Opinions

Conservatives don’t recognize real threat to free speech

When far-right agitator Jason Kessler took to the stage outside the city hall in Charlottesville, Virginia, earlier this month, he made reference to a political tradition born centuries ago in that very city.

That tradition — freedom of speech — gained official legal status in the United States when Charlottesville native James Madison drafted the First Amendment in 1789. The amendment, which, among other things, ensures that the federal government can’t make law “abridging the freedom of speech,” has a lengthy record of defending controversial groups in the country.

Many on the right, including Pitt’s own College Republicans, have come to use the amendment and its repercussions as a sort of rallying cry in a struggle against the left — especially in the wake of violence at the white supremacist rally in Charlottesville that Kessler organized. Kessler himself, after being heckled and booed off stage during his speech at the Charlottesville city hall, later tweeted melodramatically, “The First Amendment is finished it seems.”

It’s apparent that some progressives and self-styled liberals have staged challenges to unlimited freedom of speech — examples are becoming uncomfortably plentiful. But it’s both inaccurate and harmful to suggest that this is the most dangerous threat posed to the survival of free speech in the United States.

Those on the right — both those who, like Kessler, propagate hateful speech, and those who condone it — present a far more existential challenge to free speech’s survival than a college student asking for a safe space.

For the vast majority of conservatives who don’t espouse a neo-Nazi ideology, the argument for allowing hateful rhetoric in the public sphere often boils down to the so-called “marketplace of ideas” coming to the rescue of public decency. In this idealized world, fascist ideas will die out not because the government forcibly places a hand over their mouth, but because extremist opinions will lose any argument with ideas like tolerance and peace.

The marketplace of ideas assumes several givens, not least of which is forceful and meaningful rhetorical opposition to extremism. But what happens when this opposition is lacking?

From the moment President Donald Trump declared his candidacy in June 2015, Republican leaders nationally have offered little that could rightly be called meaningful opposition to Trump’s unabashed prejudice.

When Trump suggested that federal judge Gonzalo Curiel was incapable of doing his job because of his ethnicity, party leaders like Rep. Jason Chaffetz, R-UT, tempered their professed disagreement with the statement by showing unwavering support for the man responsible.

“I disagree with the statements he made [regarding Curiel], but do I think he would be a much better candidate and much better president than Hillary Clinton?” Chaffetz told a Fox News host last June. “You betcha, all day.”

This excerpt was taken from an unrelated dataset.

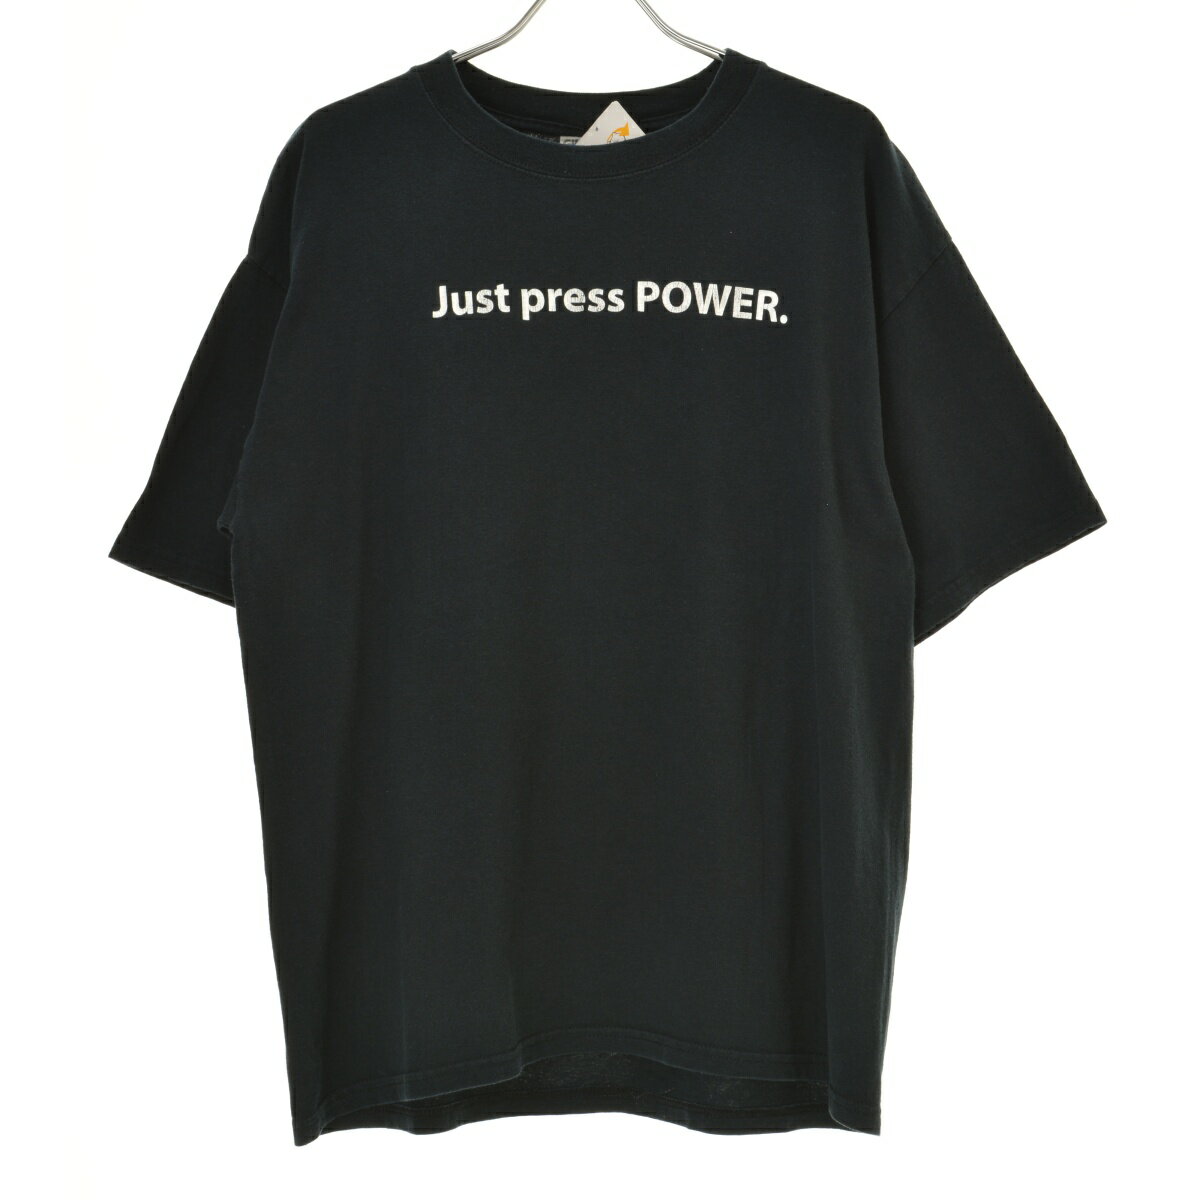 šۡڴָͲGILDAN00s JUST PRESS POWERȾµTġcacdahbi-m

Others — like Trump’s running mate, Mike Pence, R-IN., — flat-out denied that the president had made bigoted statements at all, totally absolving him of responsibility for his words.

Some portray this reluctance to hold the president accountable for his speech as an act of defiance against “political correctness.” But it’s worth wondering why some conservatives seem less concerned with the quality of speech in public discourse than with simply being allowed to say every outrageous thought that pops into their heads.

Freedom of speech isn’t a social end, but a means. If it is to survive, freedom of speech must produce quality speech — otherwise extremist ideologies like those on display at Charlottesville will forcibly end it.

It’s difficult to maintain the distinction between what offensive speech the First Amendment protects and what it doesn’t. And the difference between the two becomes harder and harder to preserve the more frequently the former is used as a pretext for acts of atrocity like what occurred earlier this month in Virginia.

If conservatives value free speech as much as they say they do, they will take care to distinguish their support for it from support for extremists’ ideas themselves. Here, at least, there is considerable room for conservatives and their leadership to improve.

It should be easy, for example, for the President of the United States to issue something more forceful than a half-hearted “condemnation” of a group as heinous as white supremacists without proposing a violation of their right to free speech. And while most other conservatives denounced the actions of the fringe right at Charlottesville, reactions equating the harm done to free speech by neo-nazis and liberal college students who support safe spaces are absurd.

For as much harm as campus progressives may or may not have done to the First Amendment by limiting the freedom of speech in certain areas, so-called academic censorship has yet to kill anyone. When Milo Yiannopoulos came to speak on Pitt’s campus in 2016, students met his vicious address with nothing more violent than rhetorical opposition to his viewpoint. The same cannot be said of free speech “advocate” Jason Kessler and the violently racist speech he and his followers profess.

Simply because neo-Nazis land on the right side of the aisle shouldn’t mean other conservatives take them any less seriously than those on the left who want to limit speech.

If conservatives want to truly defend freedom of speech, they will stop the absurdity of equating free speech with consequence-free speech. To condemn a hate group is not the same as to violate their First Amendment rights, and to act as if it is the same is to discredit the right to free speech in the eyes of society at large.